5.1.1    You will only own the goods once full payment has been received by us in cleared funds.

 

5.1.2    Until such time as ownership of the goods passes to you, you must:

  • Hold the goods on a fiduciary basis as our bailee

  • Store the goods in a way they can be readily identified

  • Ensure the goods are protected from loss or damage

  • Indemnify us against any loss or damage to the goods which may occur while they are in your care..

 

5.1.3    Your right to possession of the Goods will terminate with the occurrence of any of the following:

  • Failure by you to pay us in full on the due date for payment.

  • Commencement of winding-up proceedings against you

  • Commission by you of an act of bankruptcy

  • Appointment of a receiver of your assets or an administrative receiver of your undertaking, or the levying of any distress or execution of your assets.

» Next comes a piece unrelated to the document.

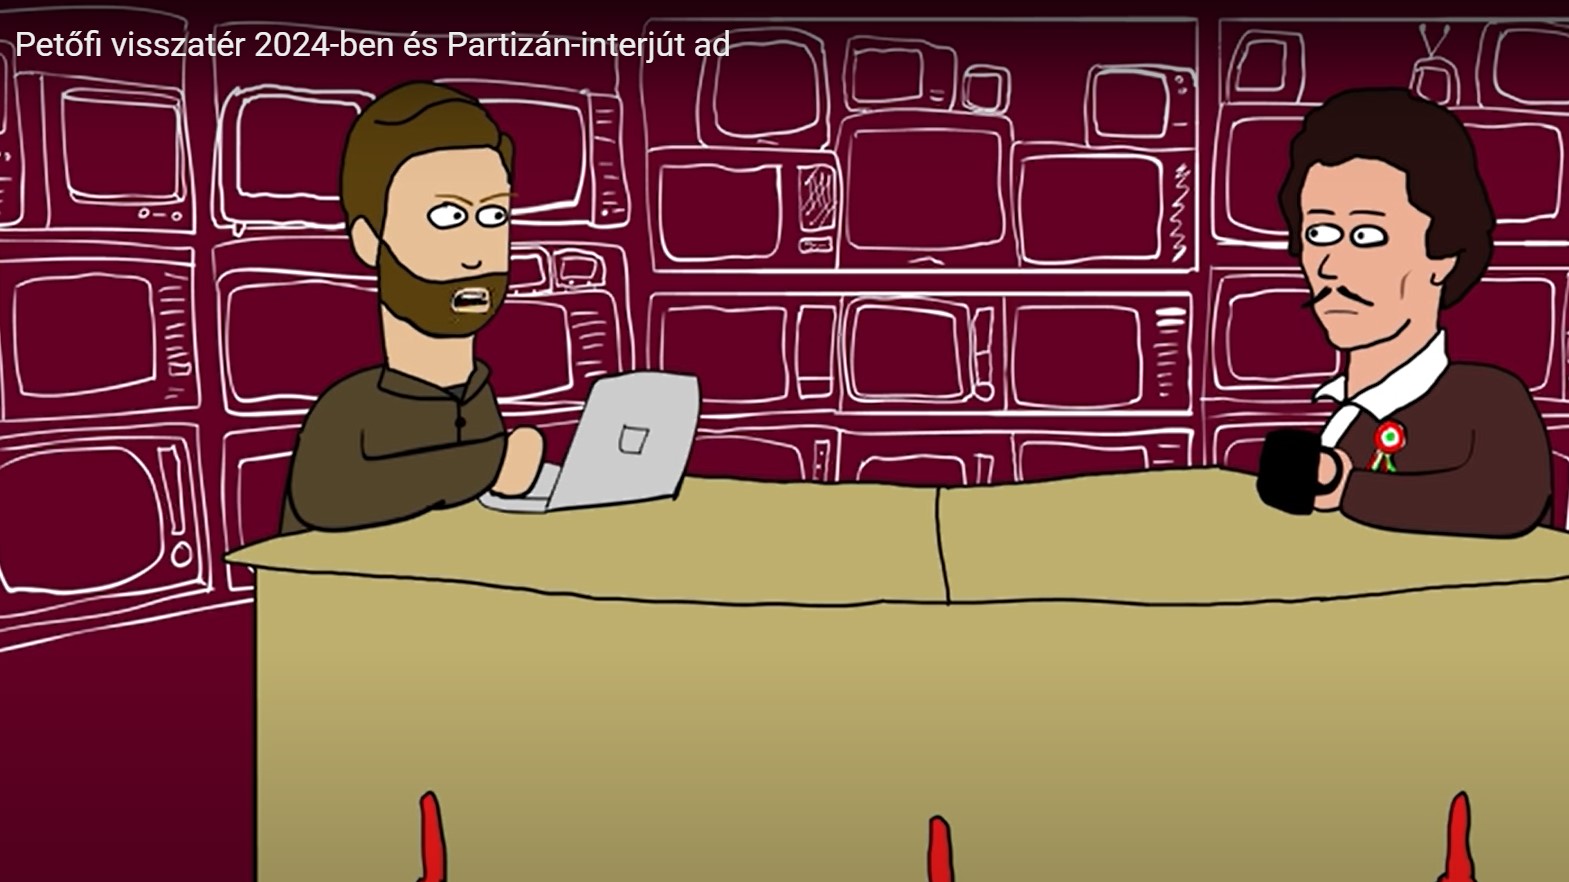 Vírusként terjed az animációs film, amelyben Petőfi Sándor visszatér és megmondja a magáét Orbán Viktorról

  • Application for the appointment of an administrator of your undertaking.

 

5.1.4    You hereby grant us an irrevocable license at any time to enter any premises where the Goods are or may be stored in order to inspect them, or, where your right to possession has terminated, to recover them.

 

5.1.5    You will notify us immediately in writing if any party seeks to issue insolvency proceedings against you, or seeks to appoint a receiver or manager over any of your assets.  You shall notify us in writing before entering into such proceedings, or any voluntary arrangement or composition with your creditors.

 

5.2    In the case of services;

 

5.2.1    You must notify us of any defect, shortage, error or other problem with services delivered within 24 hours of delivery.  After this period, we refuse to accept responsibility for faults, which will be deemed to be a result of user interference.

 

6.    Risk

 

6.1    The risk of loss or damage to goods passes to you on delivery.

7.    Delivery & Returns

 

7.1    Dates quoted for delivery are approximate only, and we shall not be liable for any delay in despatch or delivery or any loss or damage arising therefrom.  Time is not of the essence, and you shall not be able to cancel the contract, refuse delivery or withhold payment on account of any delay howsoever caused.

 

7.2    You must inspect the goods upon receipt, and notify us of any defect, shortage, error or damage within 24 hours of receipt.  After this period, you will be deemed to have accepted the goods, and will not be entitled to reject them.

 

8.    Claims

 

8.1    In the event that you establish to our reasonable satisfaction that goods or services are not in accordance with the contract, or are defective, we may elect, at our sole discretion to:

  • repair or replace the goods

  • re-perform the service

  • make a full refund of the purchase price against return of any goods or termination of service

 

8.2    Our liability in respect of any or all clauses shall under no circumstances exceed the invoiced value of the goods or services, and we shall not be liable for any indirect or consequential loss.

8.3    We offer a standard 12 month warranty on goods supplied by us, subject to the following:

  • Warranty on goods will under no circumstances exceed that set by the manufacturer unless stated otherwise in writing.

  • In the case of back to base or advance replacement warranties, it is the customer's responsibility to raise and process warranty issues with the manufacturer unless a support or extended warranty agreement is in place to cover this.

9.    Relevant Law

9.1    These terms and conditions shall be governed by English Law.